▸ Dataset extract

* * * *

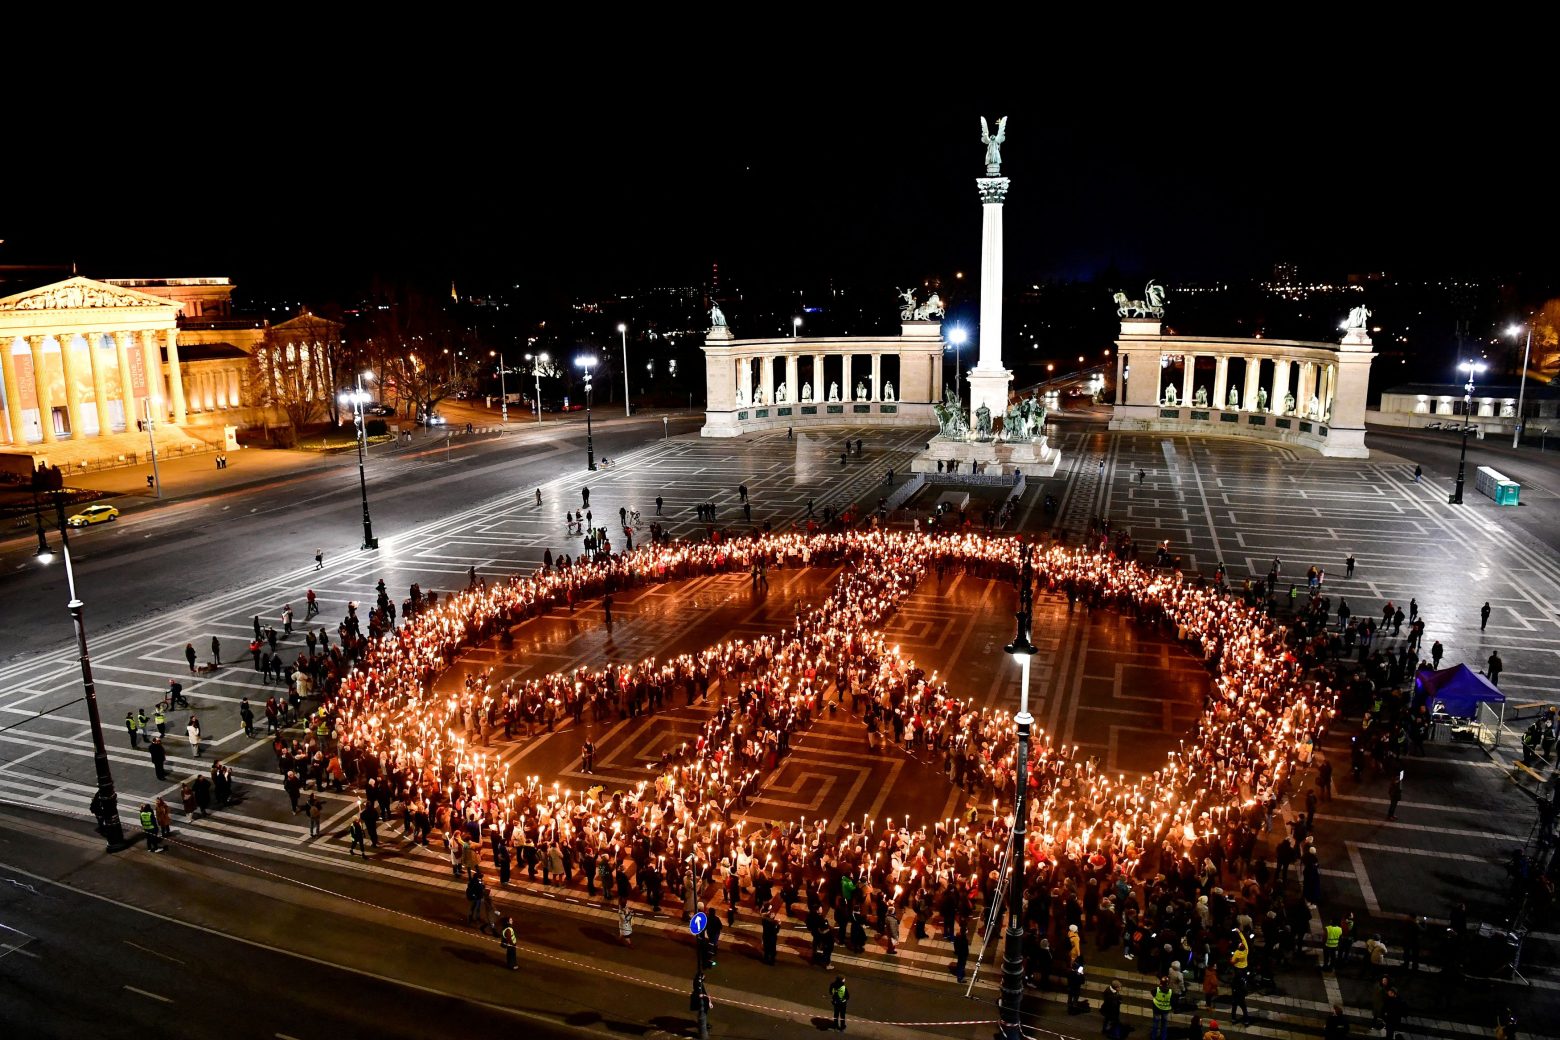 Ουκρανία: Αντιπολεμική διαδήλωση στη Βουδαπέστη - Σχημάτισαν το σήμα της ειρήνης
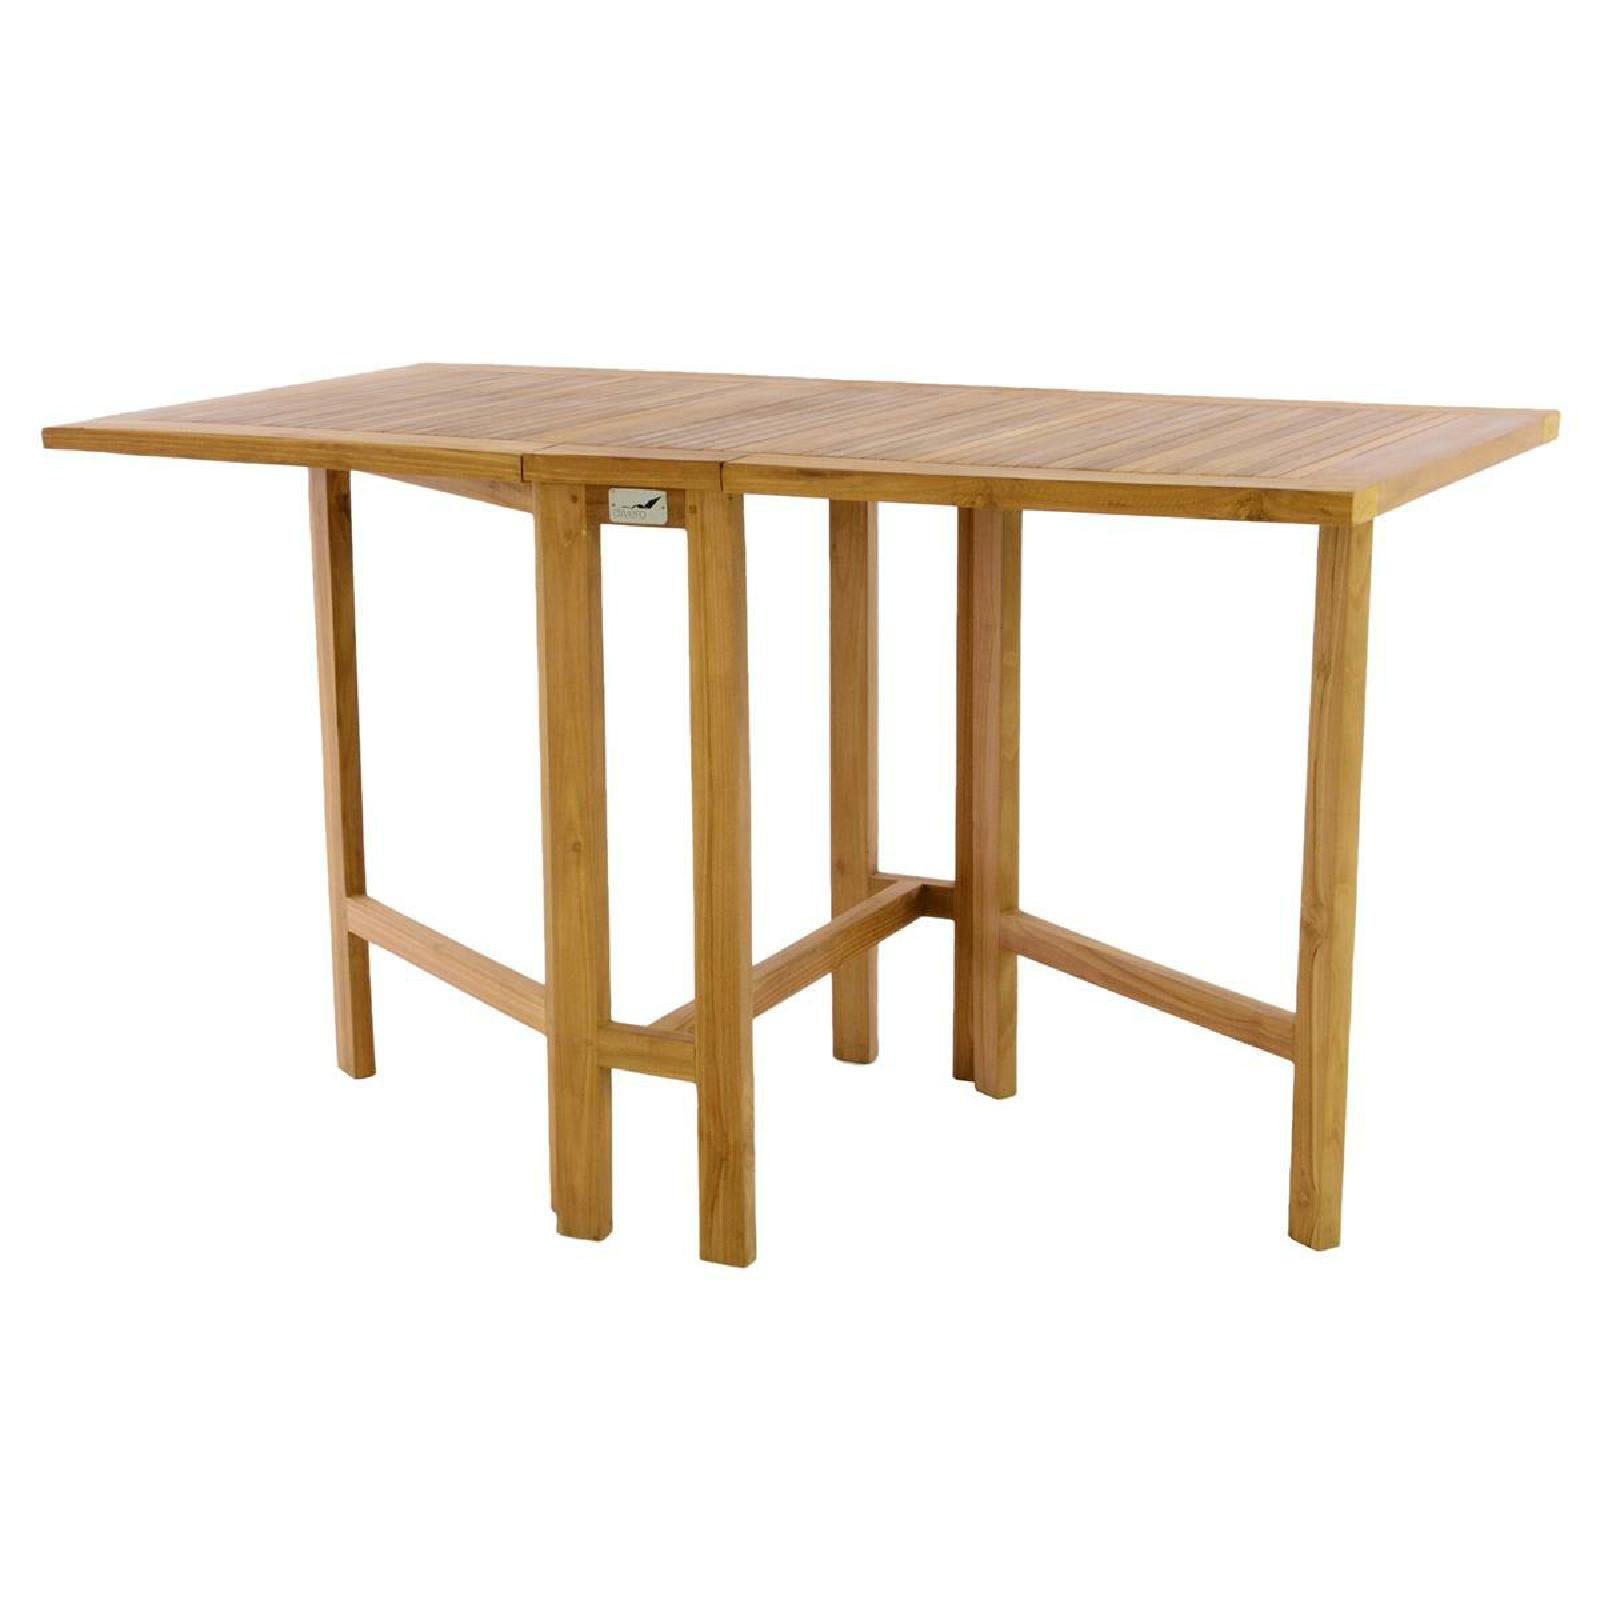 Holz VCM Gartentisch Tisch Gartentisch Teak Balkontisch Klapptisch
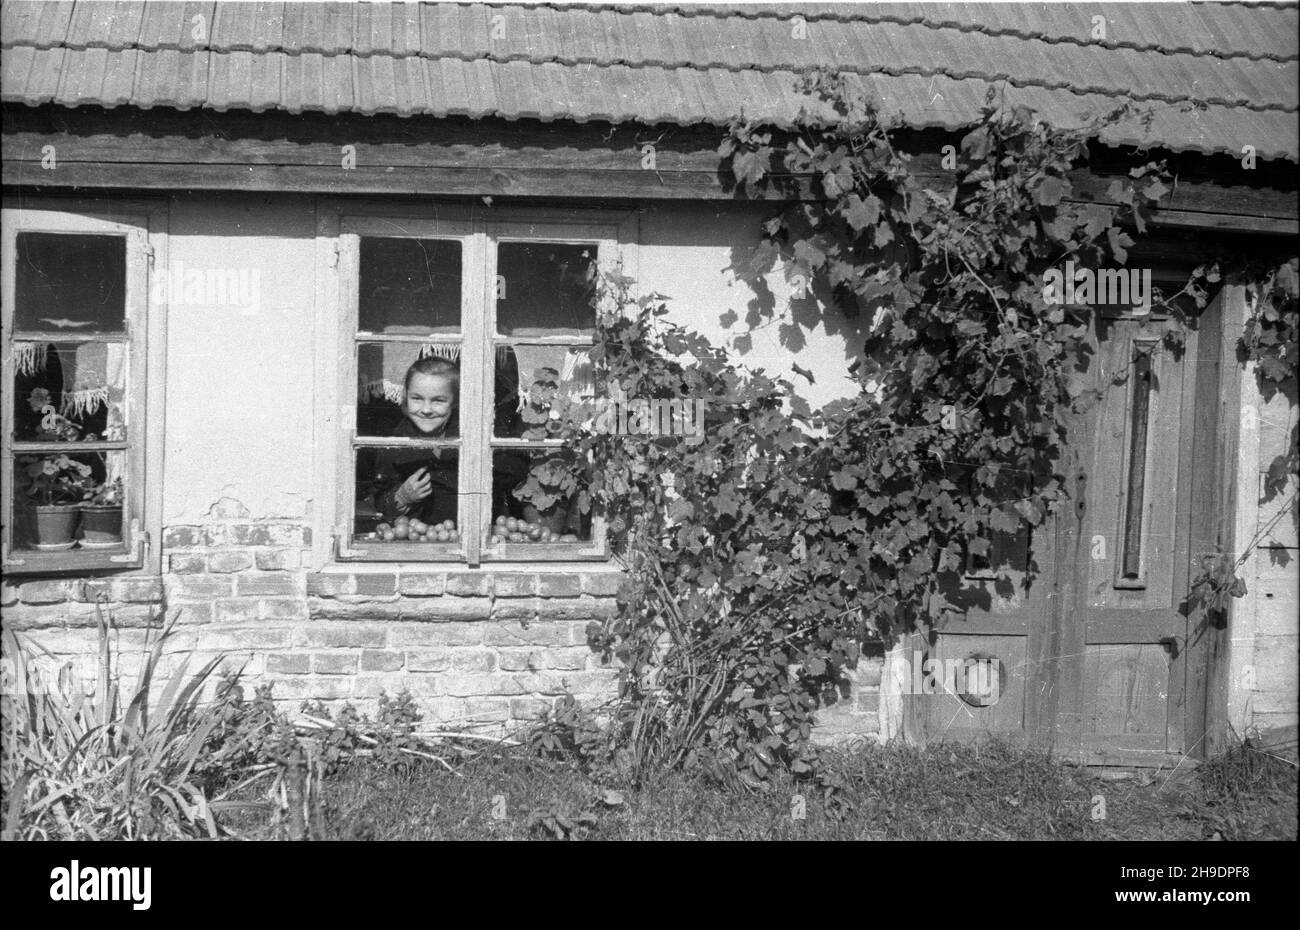 Lisków, 1947-10. Dziewczynka wygl¹da przez okno wiejskiego domu. wb/gr  PAP    Dok³adny dzieñ wydarzenia nieustalony.      Liskow, Oct. 1947. A girl looking through the window of a village house.  wb/gr  PAP Stock Photo

* * * *

▸ Your assignment
Print, exactly as written, the lines from the one containing "Holz VCM Gartentisch" to the end of the material, both ends included, and nothing else; no pictures.

▸ Exercise response
 Holz VCM Gartentisch Tisch Gartentisch Teak Balkontisch Klapptisch
 Lisków, 1947-10. Dziewczynka wygl¹da przez okno wiejskiego domu. wb/gr  PAP    Dok³adny dzieñ wydarzenia nieustalony.      Liskow, Oct. 1947. A girl looking through the window of a village house.  wb/gr  PAP Stock Photo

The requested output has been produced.